Given data |

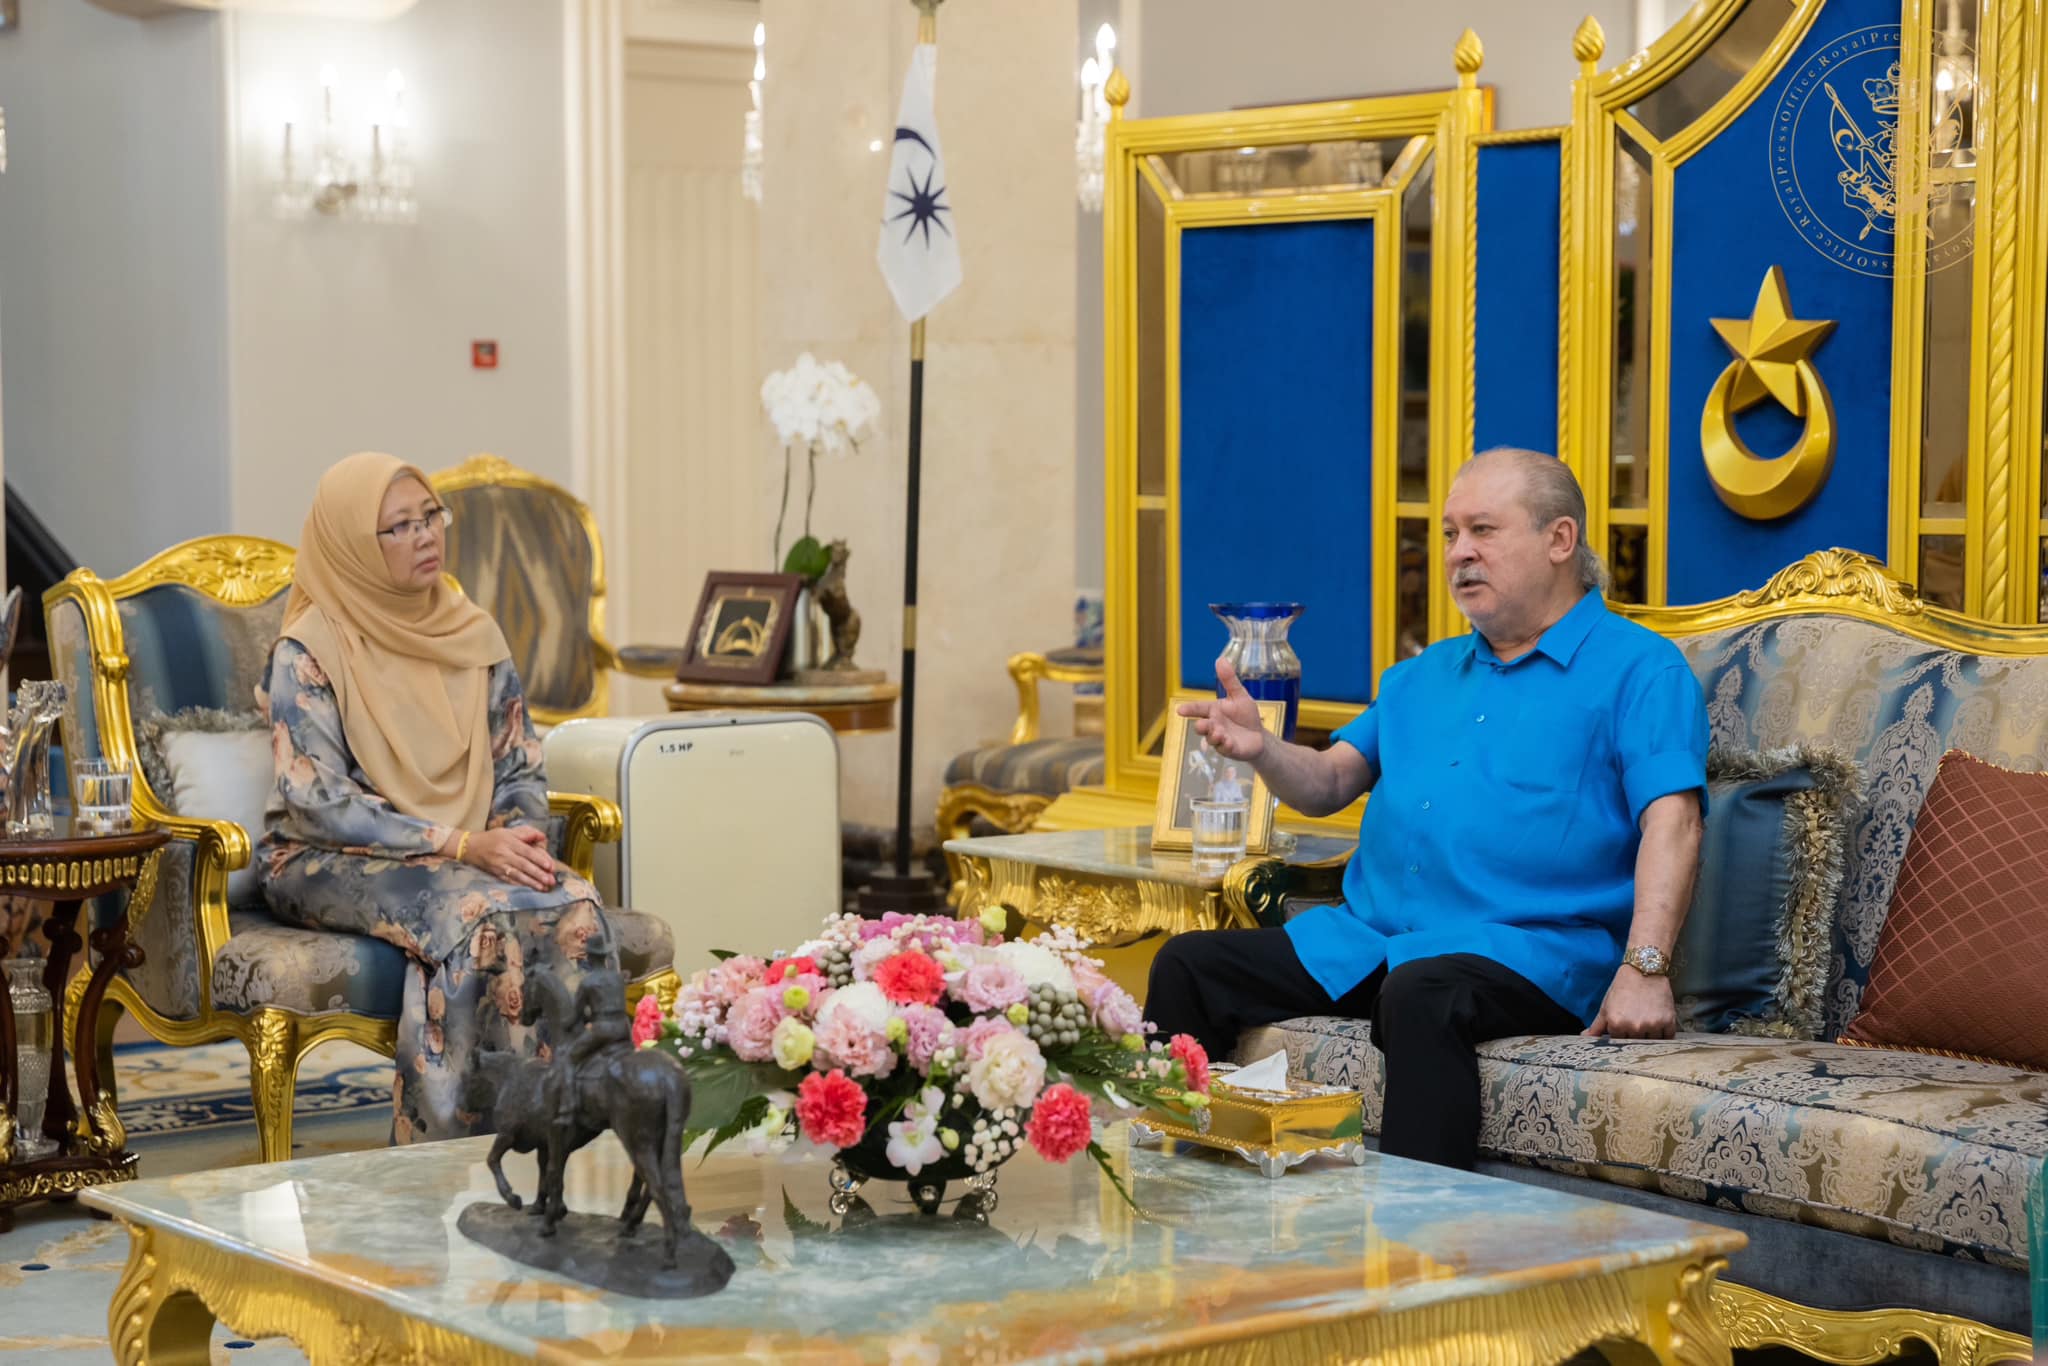 focus-on-quality-of-services,-facilities,-cleanliness-of-govt-hospitals-–-johor-ruler
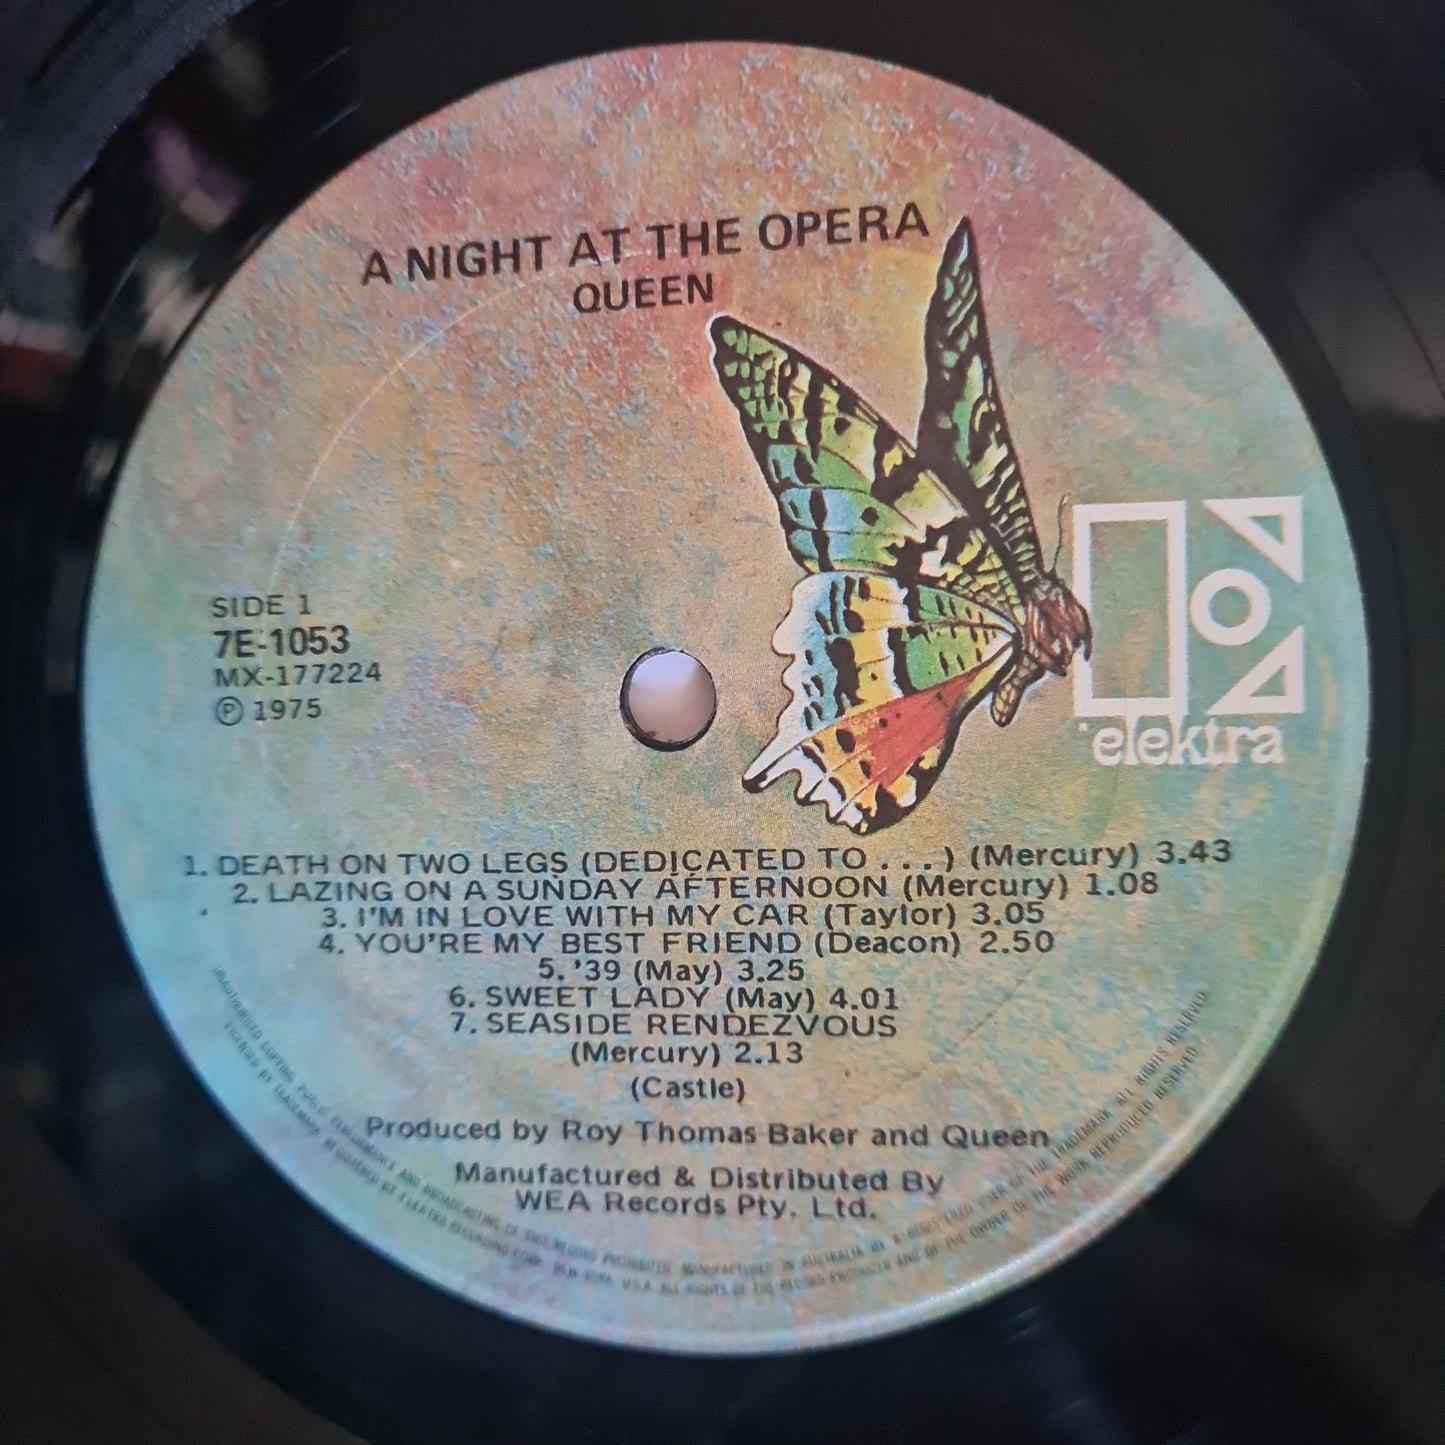 Queen – A Night At The Opera - 1975 - Vinyl Record
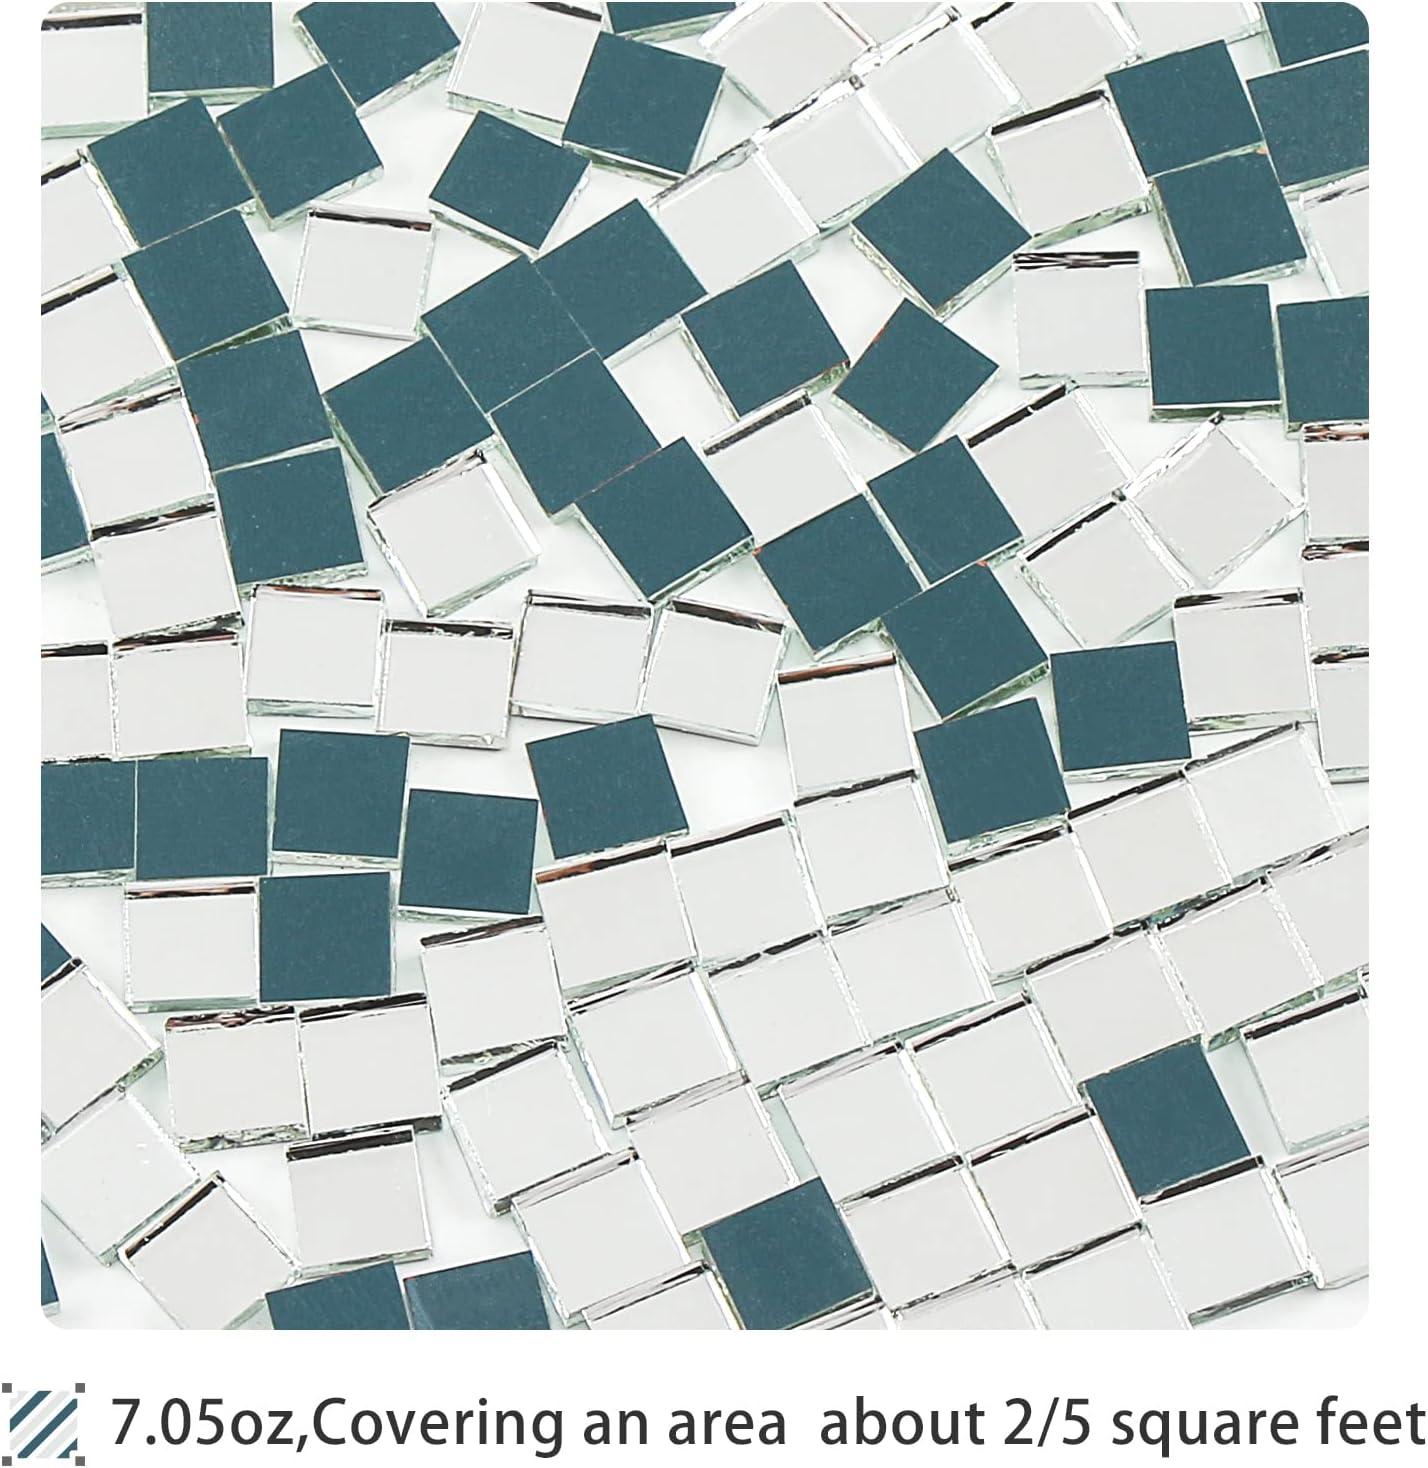 Youway Style Glass Mirror Mosaic Tiles,200g Square Small Mirror
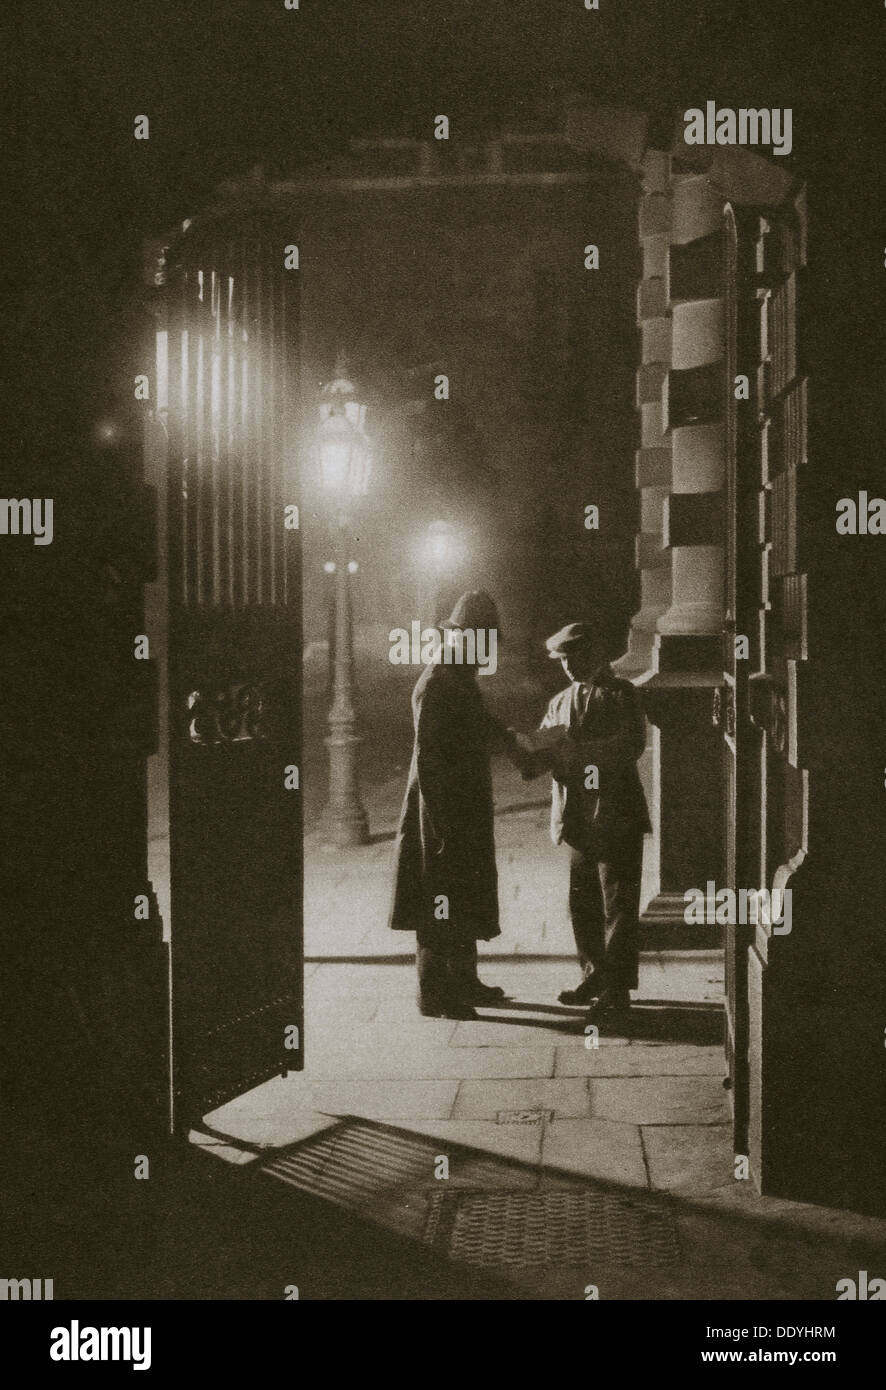 Scotland Yard in the early hours of the morning, the Embankment, London, 20th century. Artist: Unknown Stock Photo

Your objective |
All of the data is to be reproduced exactly, with the pictures left out.

Exercise response |
 focus-on-quality-of-services,-facilities,-cleanliness-of-govt-hospitals-–-johor-ruler
 Queen – A Night At The Opera - 1975 - Vinyl Record
 Youway Style Glass Mirror Mosaic Tiles,200g Square Small Mirror
 Scotland Yard in the early hours of the morning, the Embankment, London, 20th century. Artist: Unknown Stock Photo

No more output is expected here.